可以看到在创建了进程之后,执行了一个sync_wait的方法实现同步等待,很容易猜到这个方法的实现:
sync_wait(Pid, Timeout) ->
receive
{ack, Pid, Return} ->
Return;
{'EXIT', Pid, Reason} -> %如果调用start_link方式创建进程而且创建的进程在调用init_ack之前就死掉了,如果调用进程做了退出捕获(trap_exit)
{error, Reason} %就会返回{error,Reason}
after Timeout ->
unlink(Pid),
exit(Pid, kill),
flush(Pid),
{error, timeout} %如果指定了Time参数,这个方法就会等待Time毫秒等待新进程调用init_ack,超时了还没有调用就会返回{error,timeout}并将新进程干掉.
end.
可以想到,进程启动完成后肯定会有一个发送响应消息动作结束当前等待,这里也有现成的方法可以用: init_ack
init_ack(Parent, Return) ->
Parent ! {ack, self(), Return},
ok.
-spec init_ack(term()) -> 'ok'.
init_ack(Return) ->
[Parent|_] = get('$ancestors'),
init_ack(Parent, Return).
2012-3-31 12:26:35 更新
看一个hotwheel的例子tolbrino-hotwheels-8dca95a\src\janus_acceptor.erl:
acceptor_init(Parent, Port, Module) ->
State = #state{
parent = Parent,
port = Port,
module = Module
},
error_logger:info_msg("Listening on port ~p~n", [Port]),
case (catch do_init(State)) of
{ok, ListenSocket} ->
proc_lib:init_ack(State#state.parent, {ok, self()}),
acceptor_loop(State#state{listener = ListenSocket});
Error ->
proc_lib:init_ack(Parent, Error),
error
end.
查看进程init_call与进程崩溃报告格式化
proc_lib提供了两个方法来查看进程的init函数
initial_call(Process) -> {Module,Function,Args} | false
translate_initial_call(Process) -> {Module, Function, Arity}
我们执行proc_lib:initial_call(whereis(rex)).查看一下rpc模块的初始化方法,结果是:{rpc,init,['Argument__1']}
这里出于节省内存的考虑并没有保存实际的参数值而是使用原子'Argument__1'代替.如果初始化参数中包含fun,查看一下获得的结果仅仅是告诉你这是一个几个参数的fun并没有保存fun,之所以没有保存是因为一方面影响升级另一方面浪费内存.看下面的代码:
(demo@192.168.1.123)57> Fun =fun() -> receive X -> X after infinity -> ok end end.

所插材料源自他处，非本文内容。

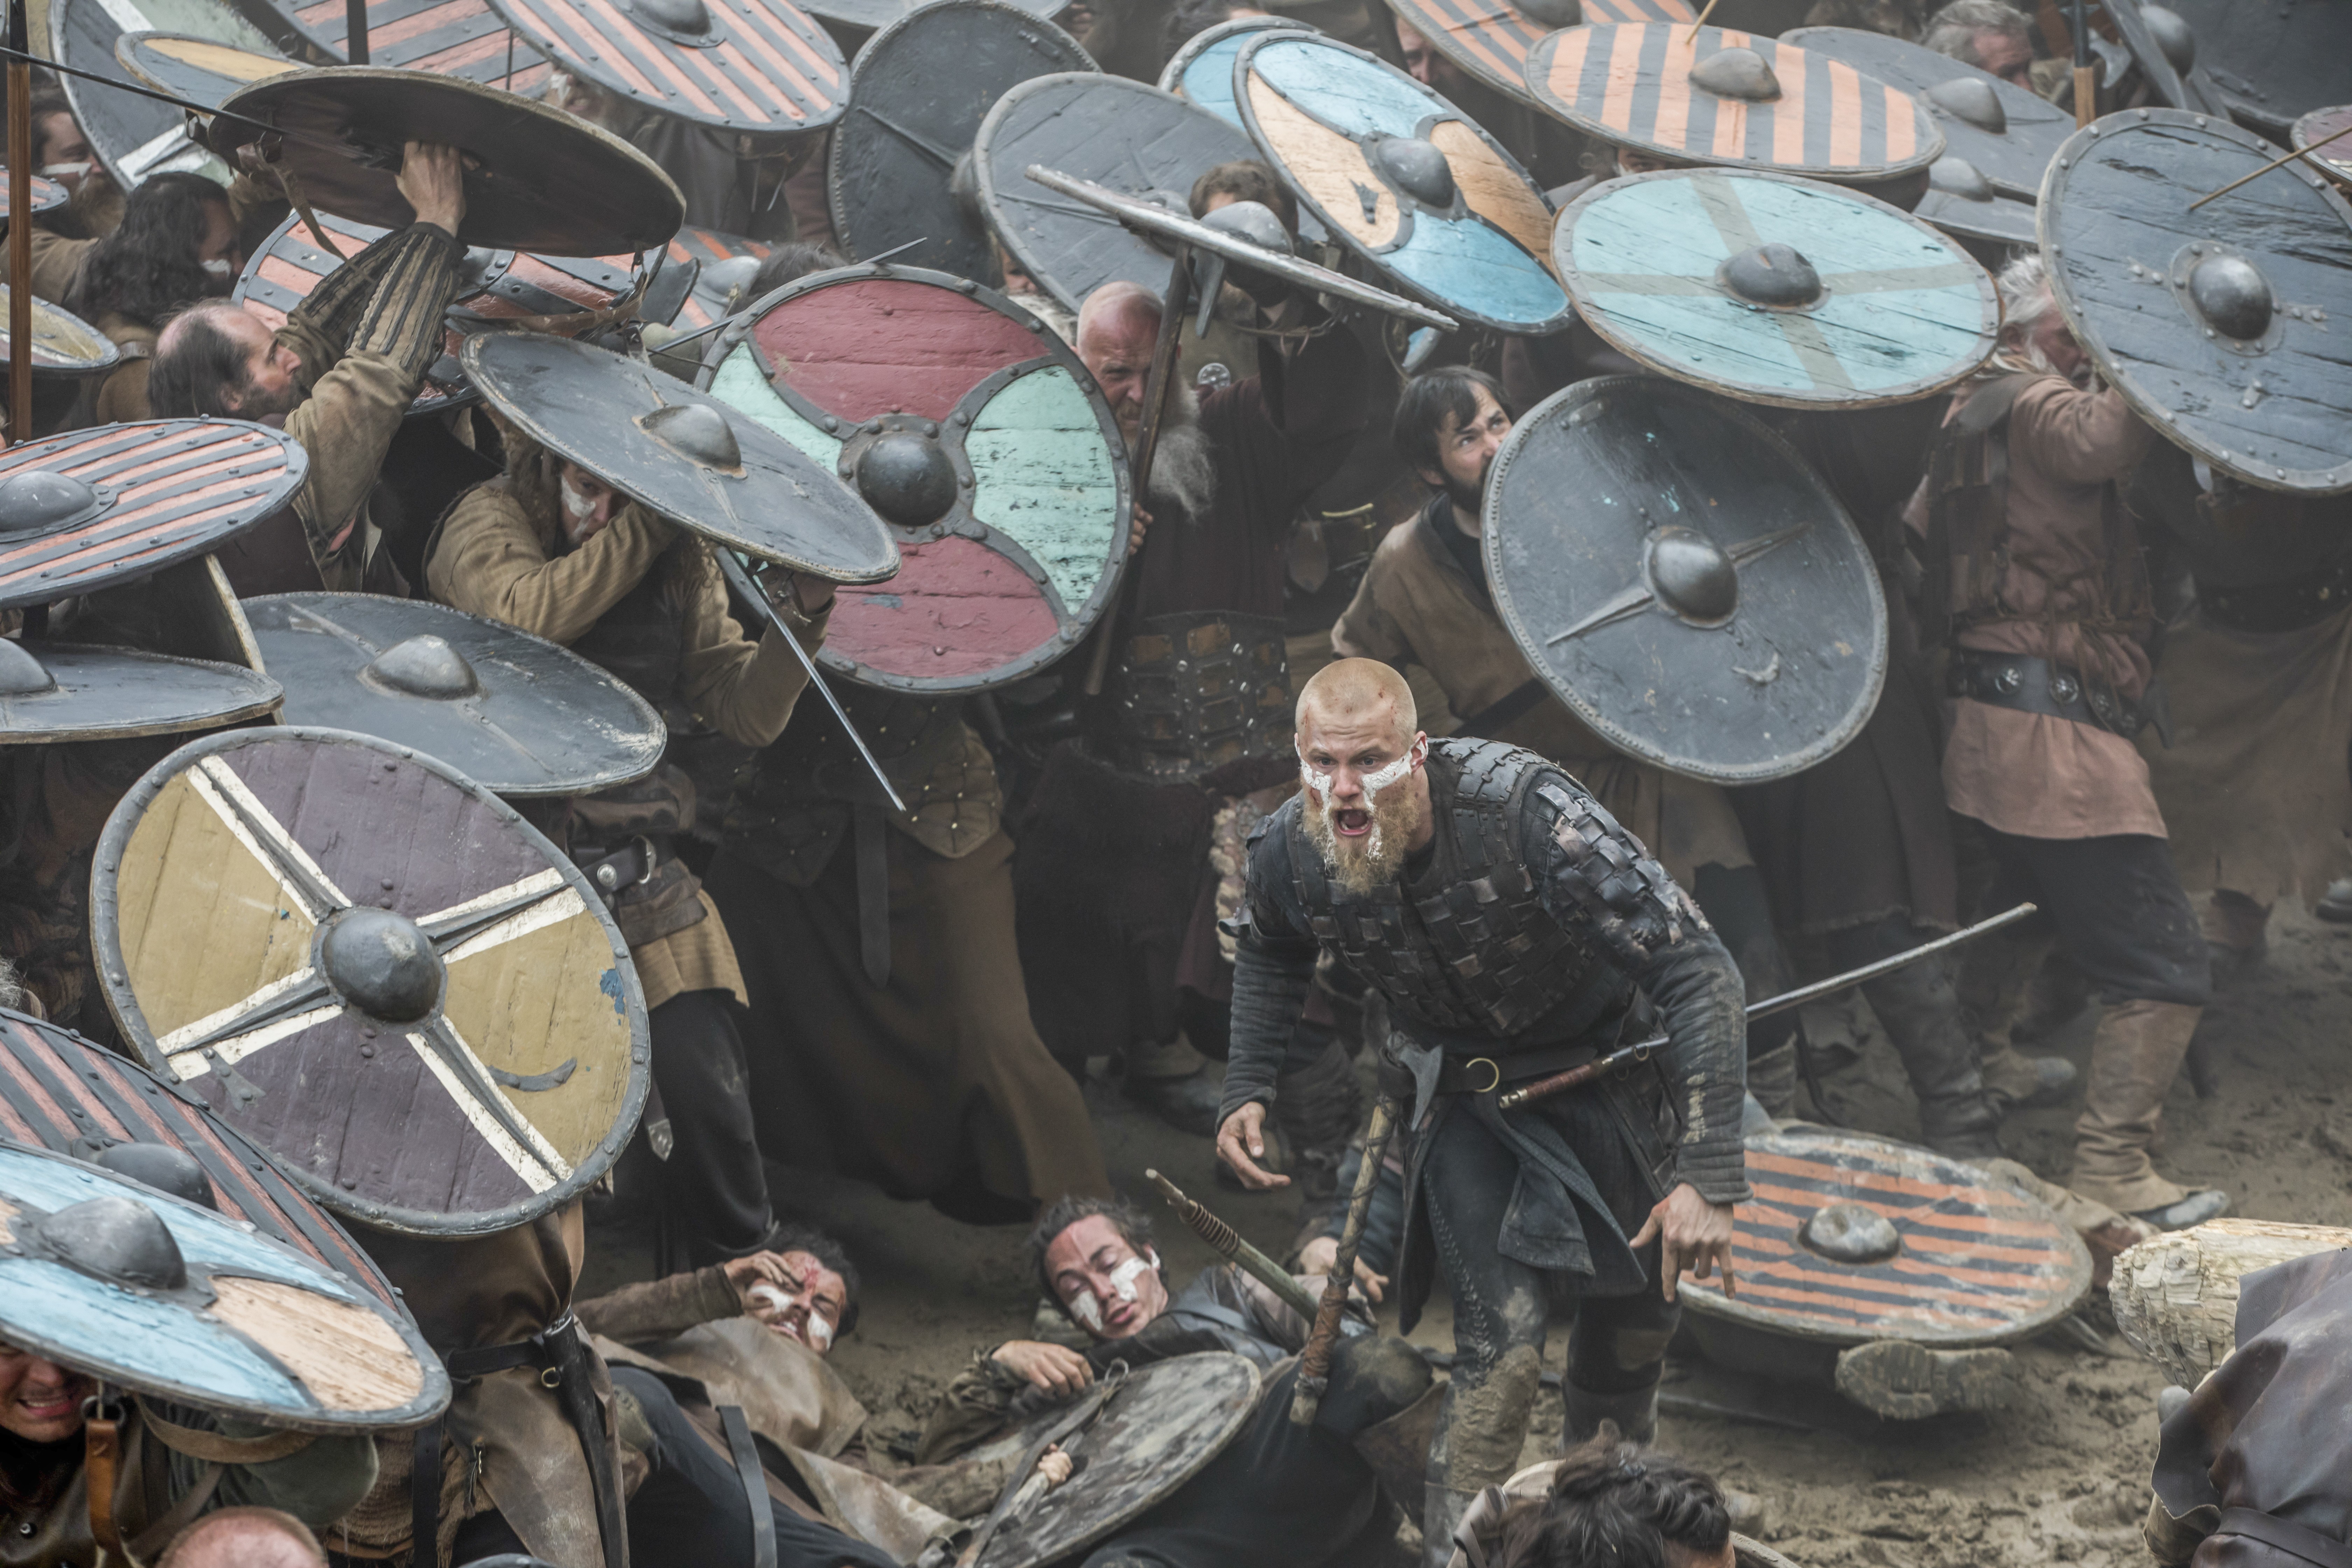 Vikings season 6 part 2: How was Bjorn Ironside's body preserved

#Fun<erl_eval.20.67289768>
(demo@192.168.1.123)58> P =spawn(Fun).
<0.11746.25>
(demo@192.168.1.123)59> proc_lib:initial_call(P).
false
(demo@192.168.1.123)60> P2 =proc_lib:spawn(Fun).
<0.11749.25>
(demo@192.168.1.123)61> proc_lib:initial_call(P2).
{erl_eval,'-expr/5-fun-1-',[]}
(demo@192.168.1.123)63> proc_lib:translate_initial_call(P).
{proc_lib,init_p,5}
(demo@192.168.1.123)64> proc_lib:translate_initial_call(P2).
{erl_eval,'-expr/5-fun-1-',0}
proc_lib提供了format函数来格式化进程崩溃报告,大家也可以操练一下.
进程Hibernate
我会在gen_fsm里面提到进程hibernate,本文暂且略过.
明天还要熬夜,今天早点休息,晚安,各位!
P.S @淘宝褚霸 昨天微博上对我说“c语言和系统功力才是最主要的,这个搞明白了,erlang顺手搞定”,记录于此,铭记在心。